The statute at issue in this case had only been in effect a few months when this case was filed, and the Nelsons tried to remedy their failure to comply with those statutes. Their failure to attach the attorney certificate and to file sixty[-]days[’] notice do not rise to the level of egregiousness sufficient to warrant dismissal with prejudice. This is so especially in light of the fact that they attempted to correct those errors before they ever served process. We find, therefore, that the original complaint filed by the Nelsons should be dismissed without prejudice for failing to attach an attorney’s certificate and for failing to give prior sixty[-]days[’] notice.

Nelson, 972 So.2d at 673-74 (¶¶ 22-23).

¶ 17. Stuart argues that there were no egregious circumstances apparent in this case that should warrant the harsh sanction of the dismissal of his complaint with prejudice. We agree that if this case were not subject to the provisions of the MTCA, then dismissal without prejudice would be warranted. However, this case is governed by the MTCA, and this Court is bound to adhere to the supreme court’s precedent interpreting the MTCA. 1704 21st Ave., Ltd. v. City of Gulfport, 988 So.2d 412, 417 n. 3 (Miss.Ct.App.2008) (citing Carr v. State, 942 So.2d 816, 817(¶ 4) (Miss.Ct.App.2006)). This Court is not “empowered to reverse the precedent surrounding the issue presented.” Id. The supreme court’s most recent pronouncement on the remedy for violation of the MTCA’s ninety-day notice requirement is Easterling, which affirmed the grant of summary judgment. We have already determined that Stuart’s case is governed by the retroactive ruling of Easterling and as discussed in Issue II, we may not selectively apply Easterling’s holding.

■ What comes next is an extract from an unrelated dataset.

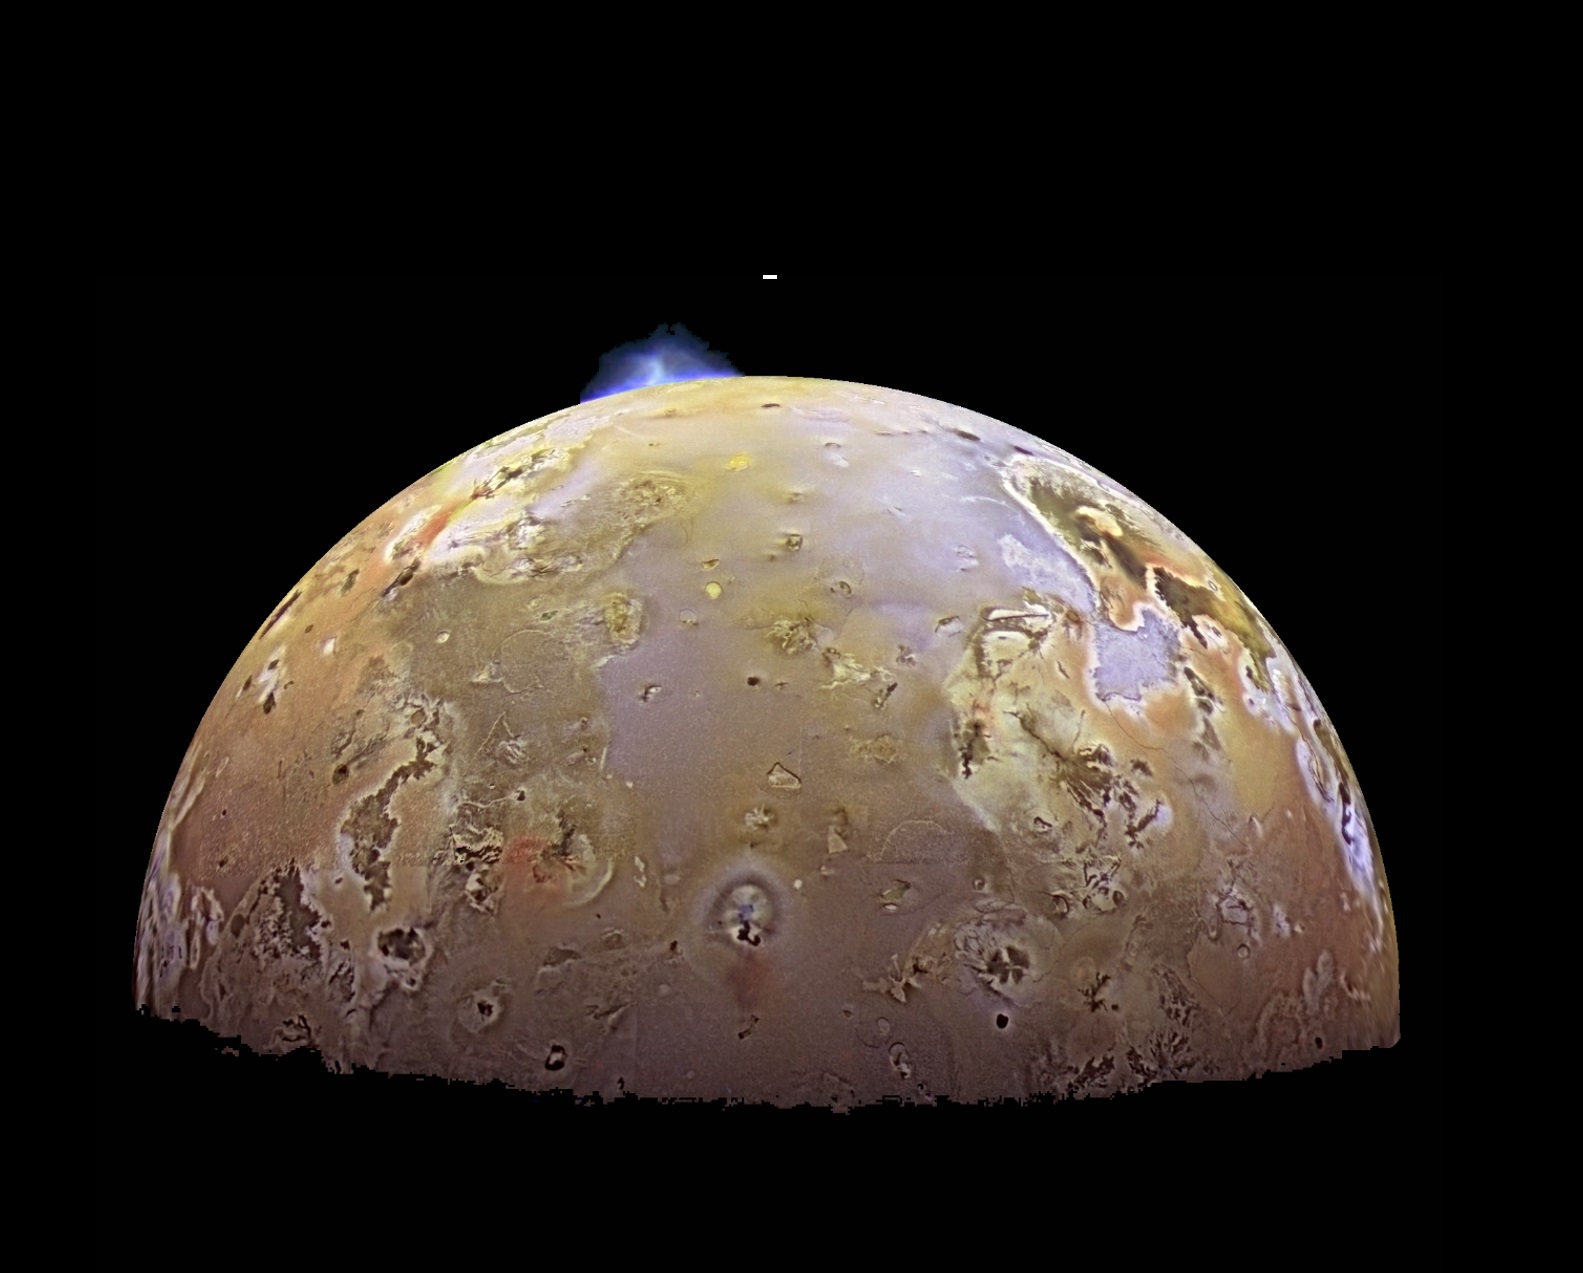 The Jovian moon Io, showing a volcanic eruption.

Therefore, we hold that summary judgment was appropriate.

¶ 18. THE MOTION FOR REHEARING IS DENIED. THE ORIGINAL OPINION ISSUED IN THIS CASE IS WITHDRAWN, AND THIS OPINION IS SUBSTITUTED THEREFOR. THE JUDGMENT OF THE CIRCUIT COURT OF HINDS COUNTY IS AFFIRMED. ALL COSTS OF THIS AP*658PEAL ARE ASSESSED TO THE APPELLANT.

KING, C.J., LEE AND MYERS, P.JJ., GRIFFIS, BARNES, ISHEE, ROBERTS AND CARLTON, JJ., CONCUR. IRVING, J., DISSENTS WITHOUT SEPARATE WRITTEN OPINION.